5. Supply, service and maintenance contractual guarantees

 

    The obligation to disclosure, from producer to user, makes it easier, but does not resolve the problem of the existance, in most recent supply or transfer contracts, of a specific "year 2000 compliance" warrantee that must be provided by the manufacturer or supplier for its products.    In the most recent contracts, such a warrantee will hardly be excluded, unless the buyer accepts the purchase even when the supplier has expressely stated the Y2K "non-compliance" of its products:  what will not certainly be sustainable, is the blameless ignorance of the "bug flaw" on the part of manufacturers and suppliers.  On the other hand, the presence of the "bug" in the product cannot certainly be considered an easily detectable fault on the part of the buyer, ex art. 1491 c.c. (in the case of sale) or the operator, ex art. 1578 c.c. (in case of leasing, which may re-include license for software use).

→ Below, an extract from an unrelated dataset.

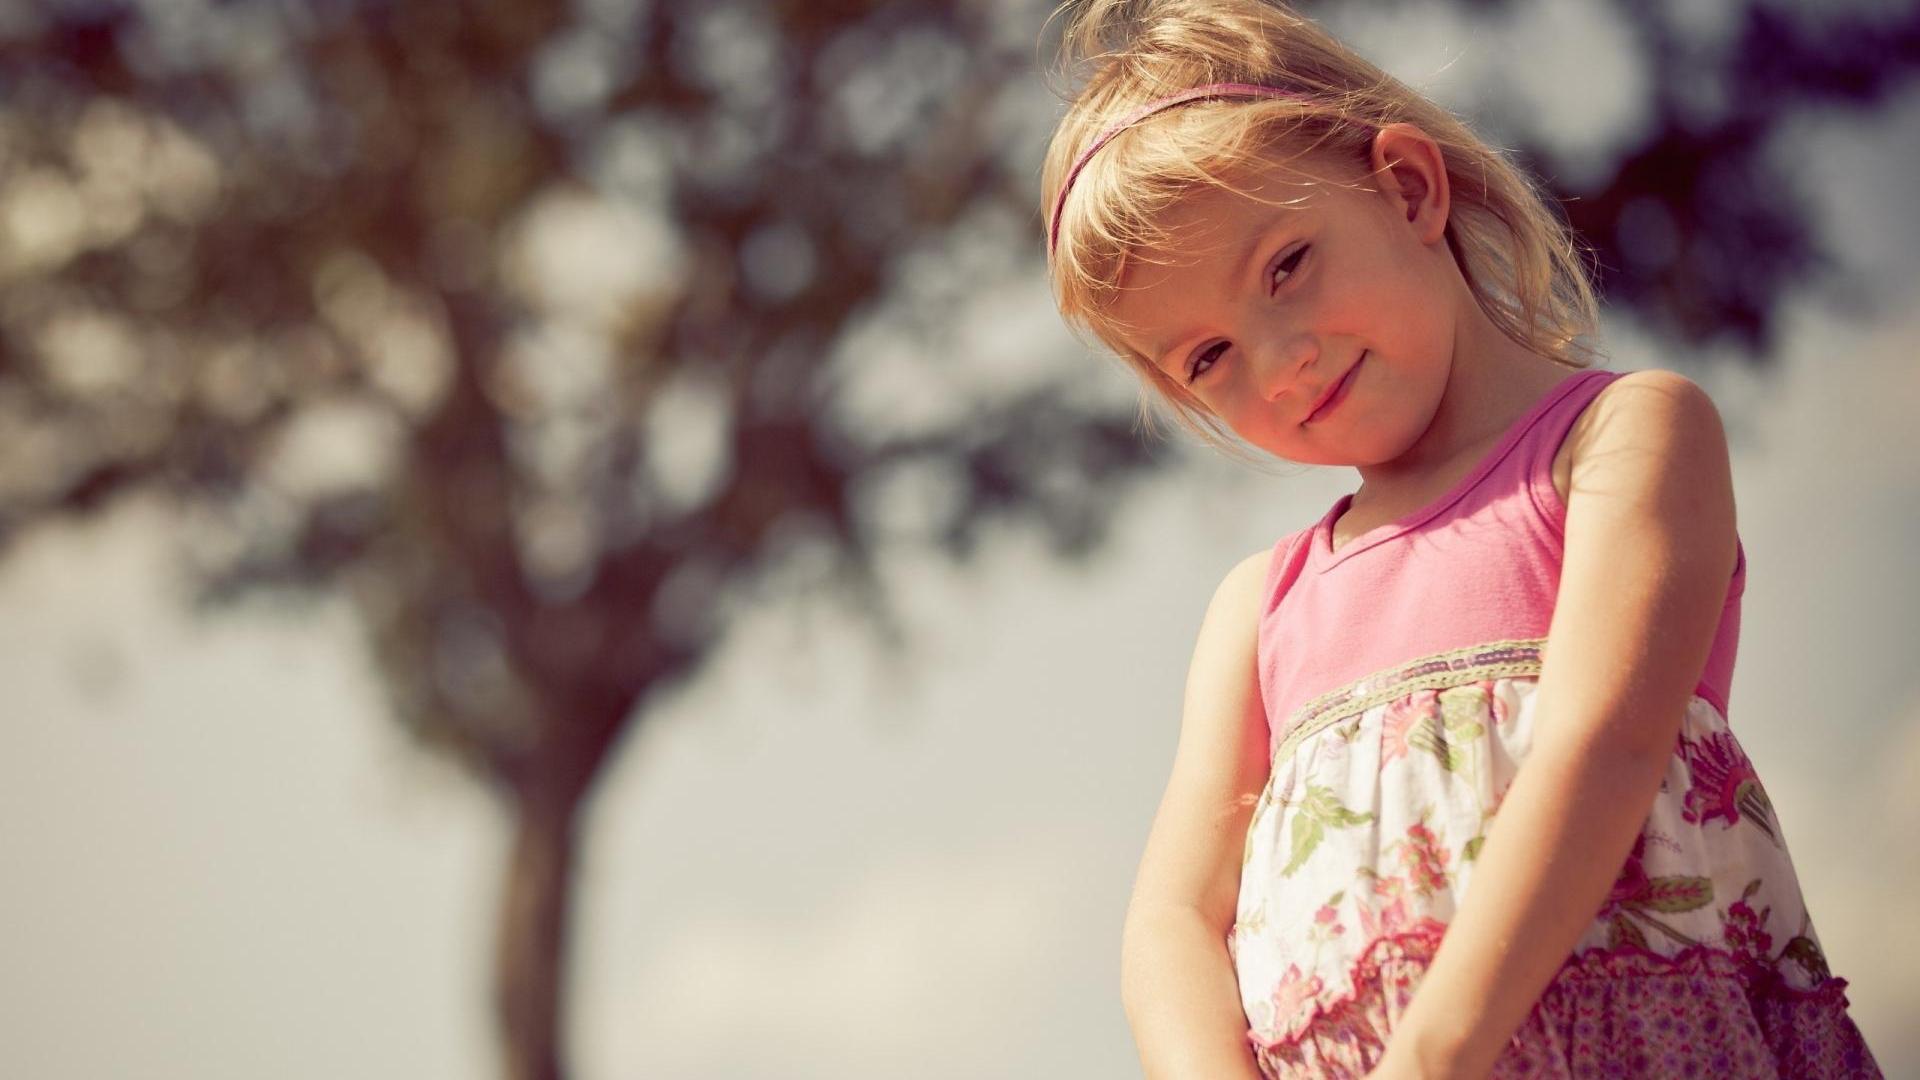 Cute Baby Girl Wallpaper Hd Download For Desktop Mobile 1920x1080

    In any case, it is useful that a compliance clause be explicitly included, as in the example above.

    A similar argument could apply to assistance and maintenance contracts;  and even in this instance, each case must be assessed, examining single contract clauses.  Should contract include comprehensive maintenance coverage for any possible problems, it may be assumed that mainenance provider has underwritten the cost of system repair.

 

6. Management responsibilities

 

    "Directors need to be able to demonstrate that they have taken genuine steps toward addressing the problem. If these steps aren't taken and adequately recorded, the impact on the company and directors in court will be severe."

    The statement - from an article posted on the Internet since 1997 ("Directors may be liable for Y2K problems",   "Computerworld New Zeland",  10/20/1997) - should have - or already have - plunged medium-large enterprise management into panic.  In the US it has already happened, and business management has already adopted its countermeasures.  Different reactions are recorded in Europe, particularly in Italy.  And, indeed, in the anglosaxon countries, commercial business administrators and managers are by now aware and alarmed of their possible involvement in terms of  "personal liability" on the basis of  the "duties of care" bond which binds management to the company.

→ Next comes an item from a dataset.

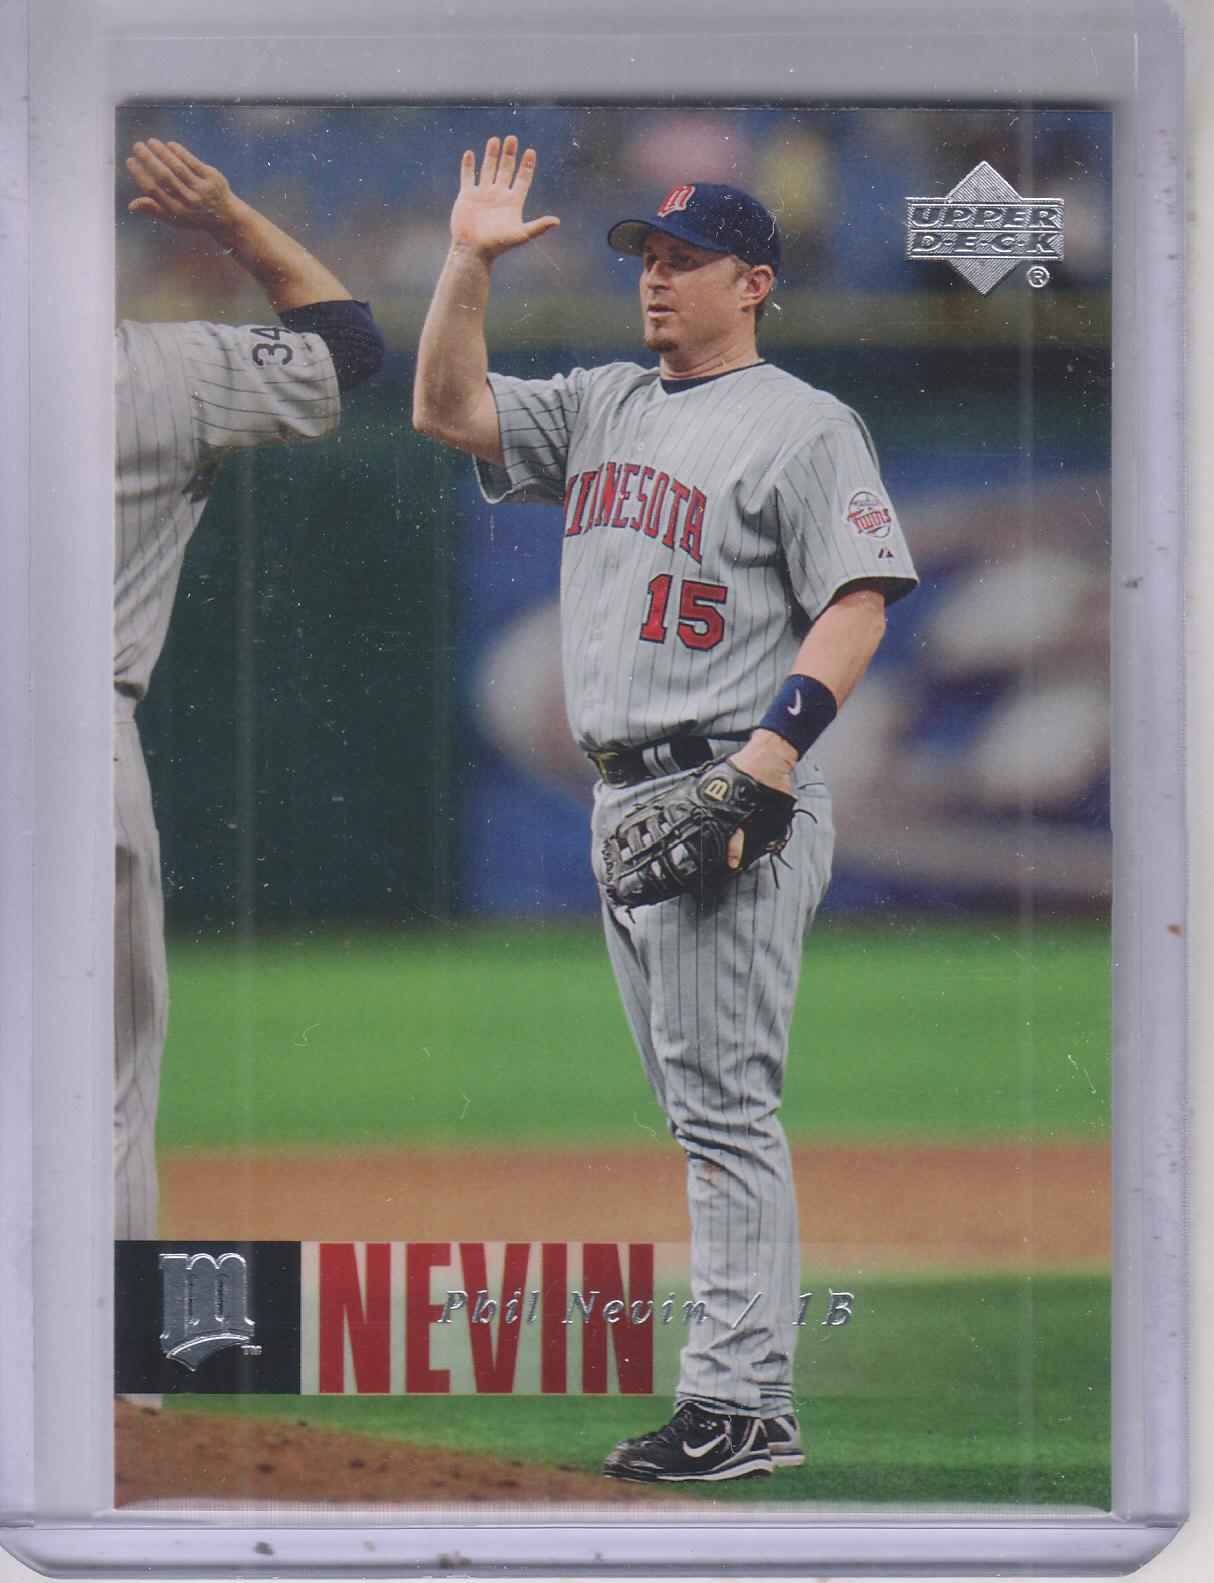 2006 Upper Deck #1149 Phil Nevin SP

    A possible alternative, for example, is that between the assessment and correction of all of the interested code lines and the radical and substantial modification of the system architecture:  the latter choice could, in some cases, be indeed cost effective or, at parity of costs, it may offer fresh opportunities (to be evaluated even from a fiscal point of view).

    The responsibility of those who are entrusted with the management or a "government" role within a structure, and whom have not timely prepared for the advent, more than foreseeable, of the new millennium and, therefore, due to negligence, inexperience or carelessness cause damage to persons or property, shall be more than certain.  Even under art. 2408 of c.c. it will be possible, in fact, to file a Court report  "serious wrongdoing in the fulfilment of duties by administrators and boards. Such a report could be followed by a lawsuite against administrators and members of the board .

    This type of responsibility will naturally not be limited to the "private sector", but will likewise touch the public sector, especially local administrations which, to date, appear to be heavily behind in the year 2000 conversion process.  To confirm what has just been said, we may recall the address, to a recent conference on year 2000 system conversion, of one of the participant and vice president of the Comitato Anno 2000, Counselor Ermanno Granelli, who has underscored as administrative and accounting responsibilities of public official and employees whose behaviour may, even involuntarily, have caused damage to the administration, cannot be ruled out.

 

7. Y2K as an event beyond control

 

    Manufacturer's (software or product) responsibility could certainly be "avoided" by resorting to the concept of "Act of God", thus off-loading the consequences downstream, all the way to the final user or consumer.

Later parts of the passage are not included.